** Source material **
::::::

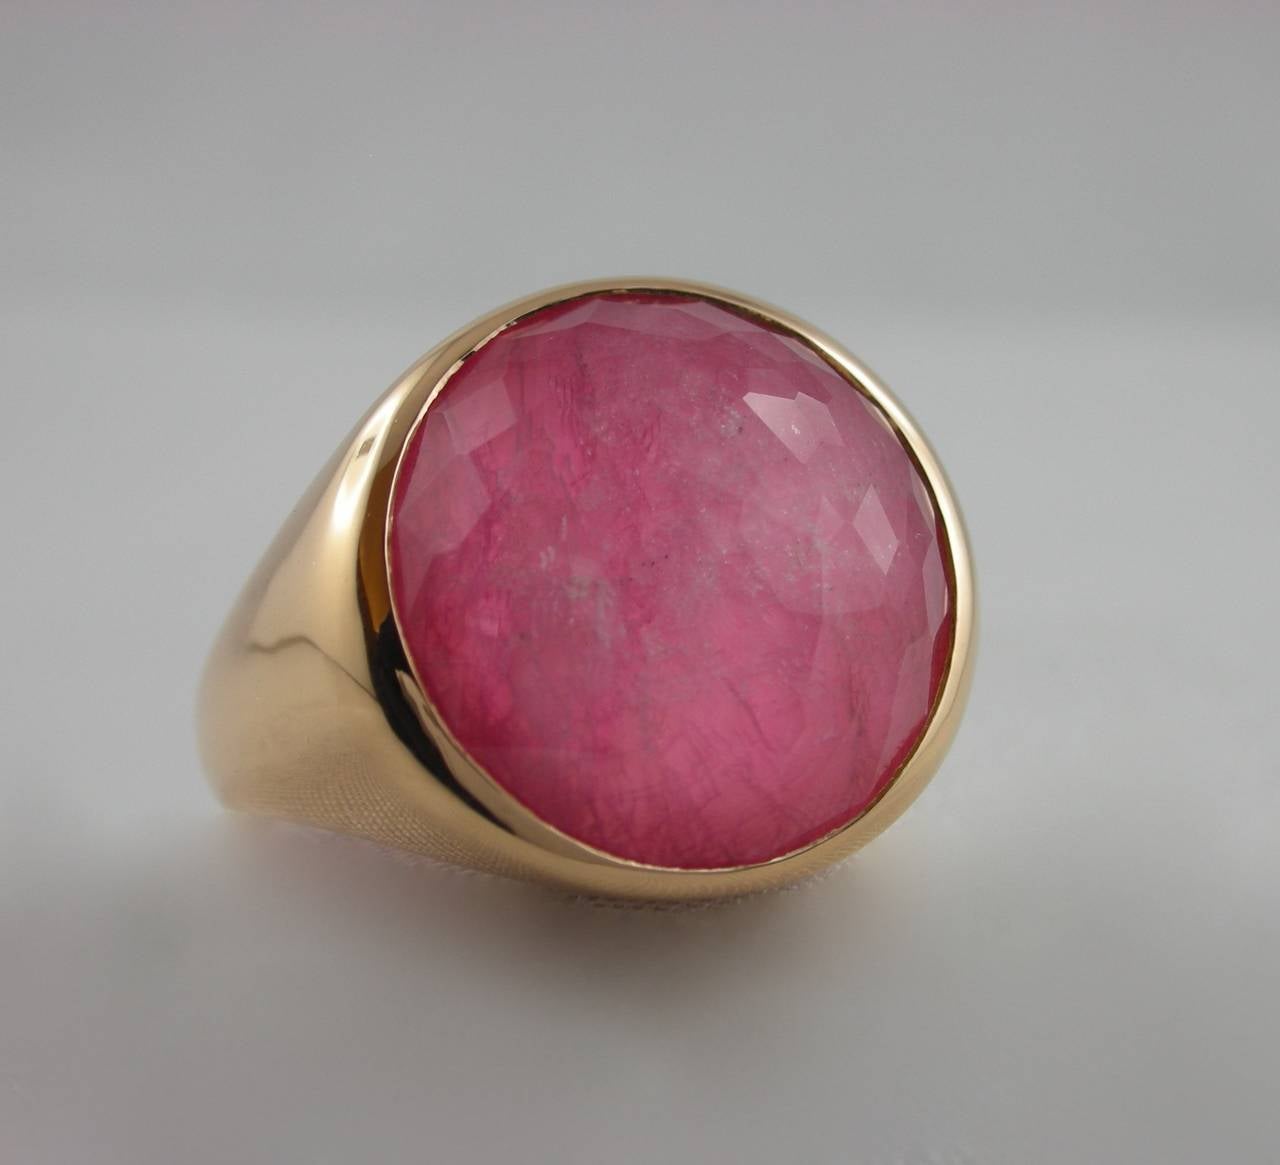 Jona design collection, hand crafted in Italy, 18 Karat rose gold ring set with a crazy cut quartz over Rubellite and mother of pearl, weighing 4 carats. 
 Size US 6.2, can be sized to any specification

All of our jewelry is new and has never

::::::

** About this task **
Repeat the material verbatim. Do not carry over any picture.

** Solution to the exercise **
 Jona design collection, hand crafted in Italy, 18 Karat rose gold ring set with a crazy cut quartz over Rubellite and mother of pearl, weighing 4 carats. 
 Size US 6.2, can be sized to any specification

All of our jewelry is new and has never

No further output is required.